Here’s a simple way to tell whether you need better marketing, better operations, or both and how to get them working together.
And the first step?
STOP AIMING THE FIRST FINGER AT MARKETING!!!
Often I find restaurant leaders asking the wrong question (or just assuming the wrong scenario!).
They are wondering if their marketing is working.
A better question to ask first: Do we actually know what problem we have?
Because here’s the truth:
If sales are down, it’s almost never just marketing. And it’s almost never just operations!!!
That is how we end up with a misdiagnosis.
The Ops-or-Marketing-First Diagnosis
To accurately discover where to focus your energy, run through this quick list of questions:
1. Are guests happy with the food and service?
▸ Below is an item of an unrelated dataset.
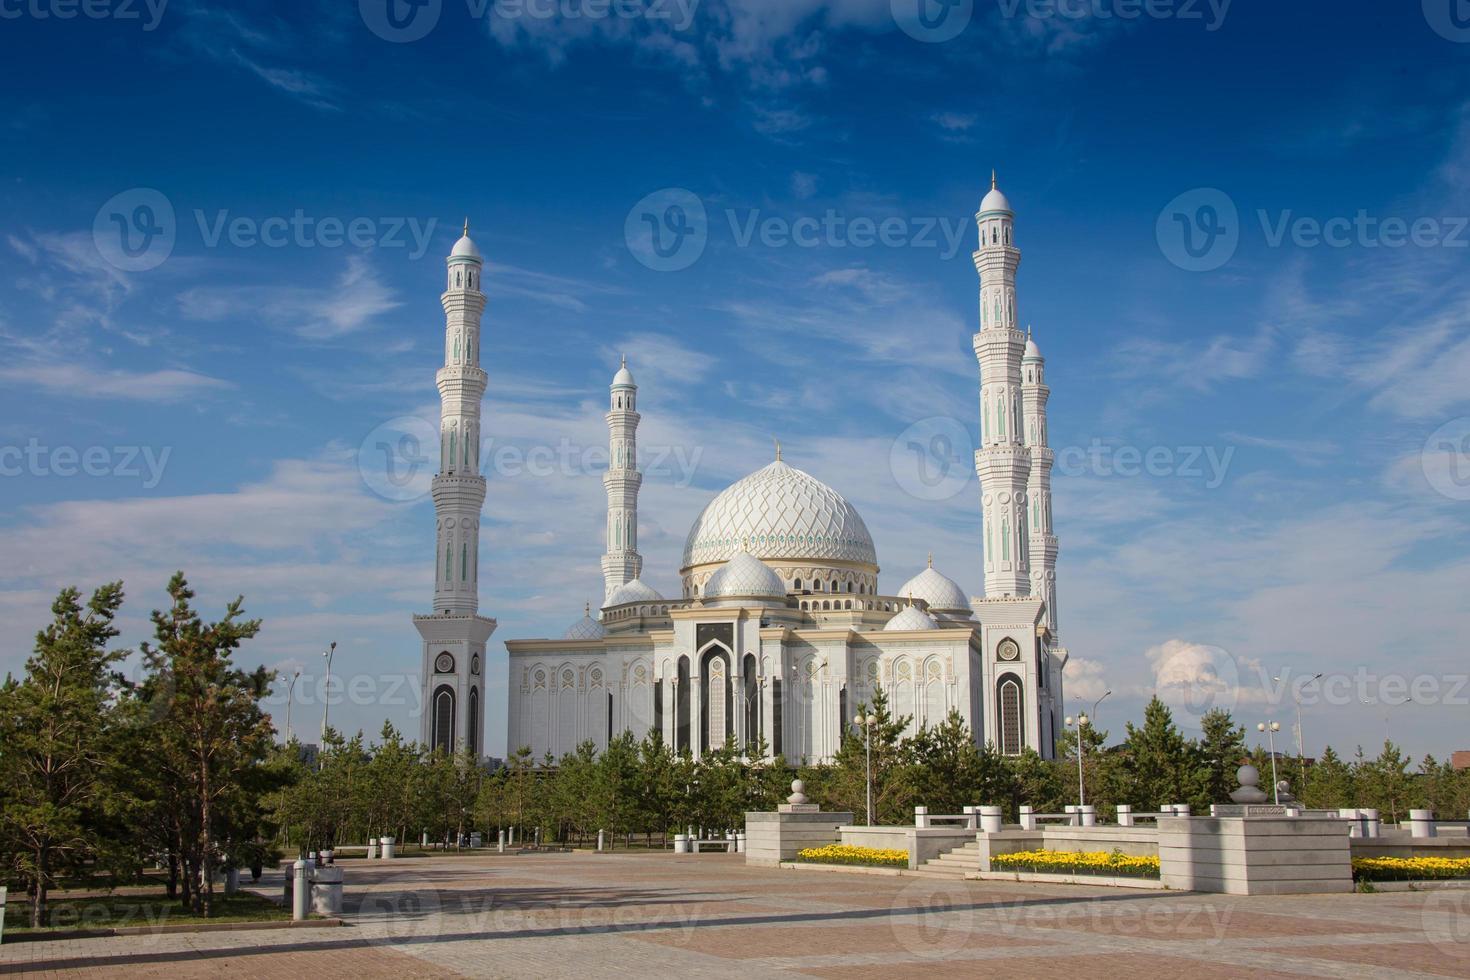 Moschea Yeni Cami ad Astsana, Kazakistan foto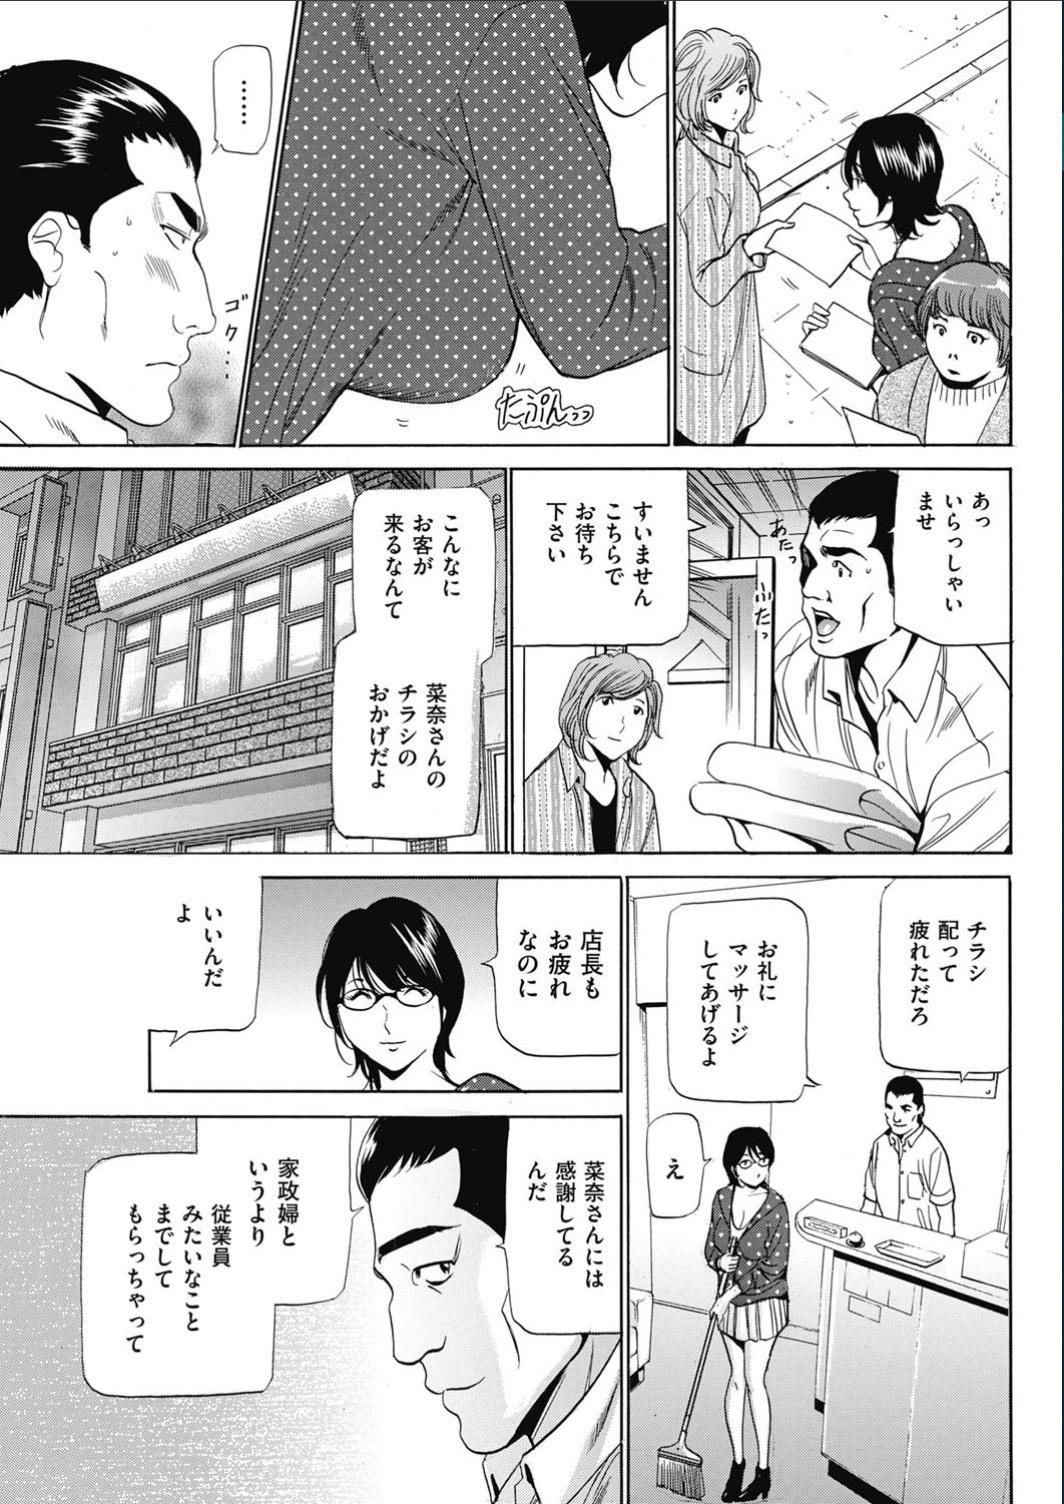 Wa Usuki Ipa a 1-10 99

Do not guess. Run a sentiment analysis.
Start with your first party direct guest feedback. Surveys, loyalty responses, post visit feedback tools. Look at what guests are actually saying.
Pro-Tip Use Ovation for guest feedback and analysis!
Then compare it to your third party reviews. Google. Yelp. Anywhere guests talk when you are not in the room.
Look at the last period you are examining and ask:
Is sentiment trending positive or negative? What are guests specifically calling out? Food? Speed? Accuracy? Cleanliness? Staff attitude?
If you see recurring themes, that is your starting point. Not your marketing calendar.
2. Do you have an always on marketing foundation?
Search. Social. Email. Rewards. etc.
You need an always on, omni channel marketing foundation that ensures you are not only acquiring new guests, but retaining them at consistently stronger rates.
I have tested this over and over again and without a doubt, when a restaurant forgets to send an email or has a lag in marketing communications, sales trend down.
If you are not doing this, then yes, you need to optimize your marketing communications.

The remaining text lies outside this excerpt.